The folding not only converts uppercase to lower-case, but also expands ligatures (e.g. ff to f f) and ß (sharp S) and similar characters (e.g. Kelvin sign to K, Ohm to Omega).
If we combine intervals (e.g. A-Z -> a-z) from consecutive to consecutive codepages for easier storage, we have
463 intervals with single code point -> single code point
86 intervals with single code point -> multi code point
34 alternative intervals single -> single, if single -> multi is not acceptable
(the other 52 would have to be kept in their original form, mostly ligatures)

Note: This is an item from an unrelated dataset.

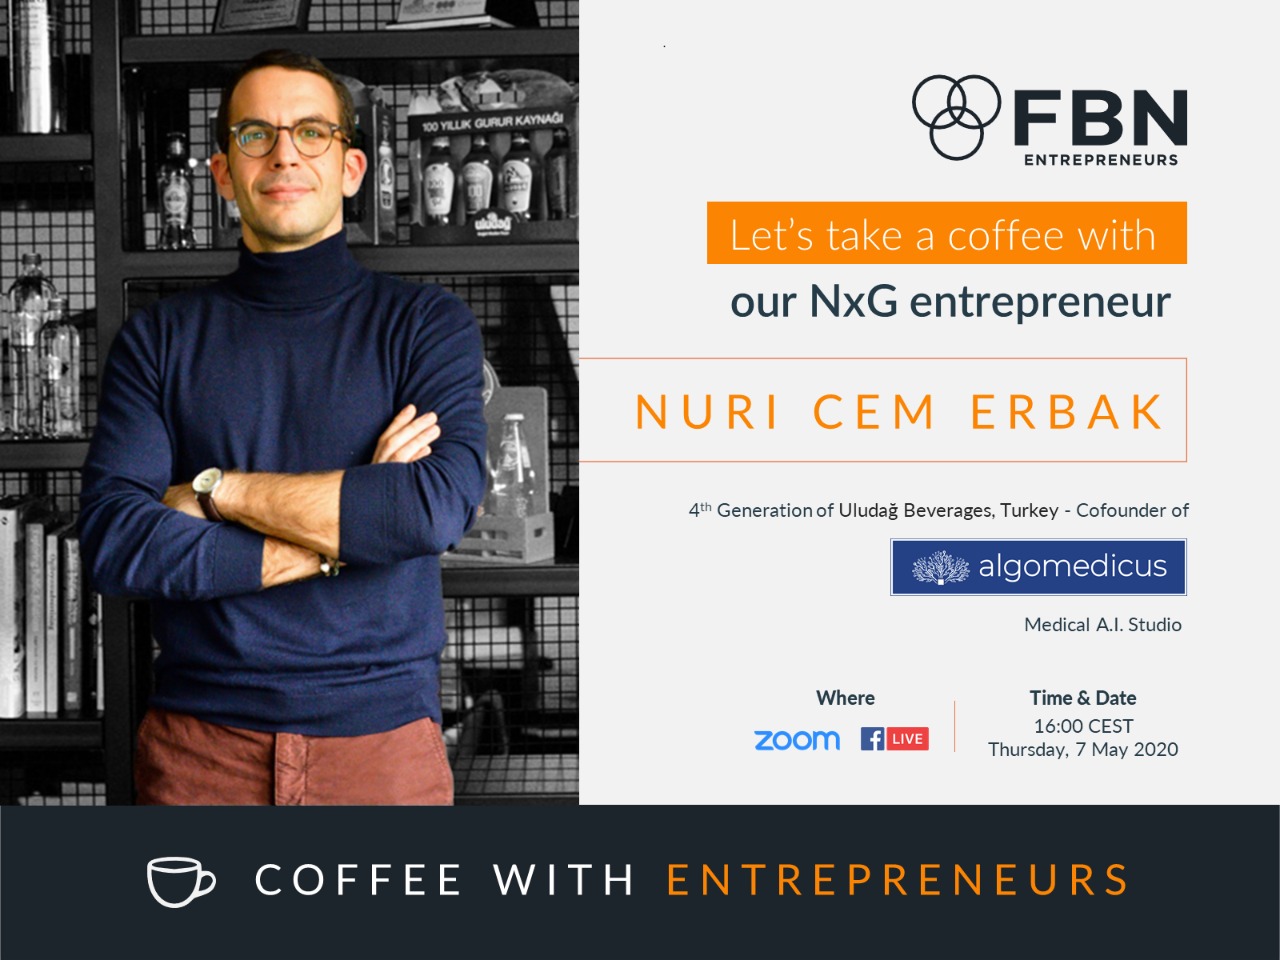 Coffee with Entrepreneurs

So one needs two set of functions for case folding (upper->lower):
single->single
single->possibly multi
-----Ursprüngliche Nachricht-----
Von: JJ Marr via Std-Proposals <std-proposals@lists.isocpp.org>
Gesendet: Di 08.07.2025 18:50
Betreff: Re: [std-proposals] constexpr tolower, toupper, isalpha
An: std-proposals@lists.isocpp.org;
CC: JJ Marr <jjmarr@gmail.com>;
The authoritative tables for case mapping are found at https://www.unicode.org/Public/16.0.0/ucd/, specifically CaseFolding.txt for case folding. It's all premade.CaseFolding.txt is a 87 KB text file, most of which is comments. It's about 1654 lines, so assuming two UTF-32 characters a line that's a little under 13 KiB.Of course, this includes complex case mappings of one codepoint to multiple codepoints. If we drop those, we can make the table a bit smaller.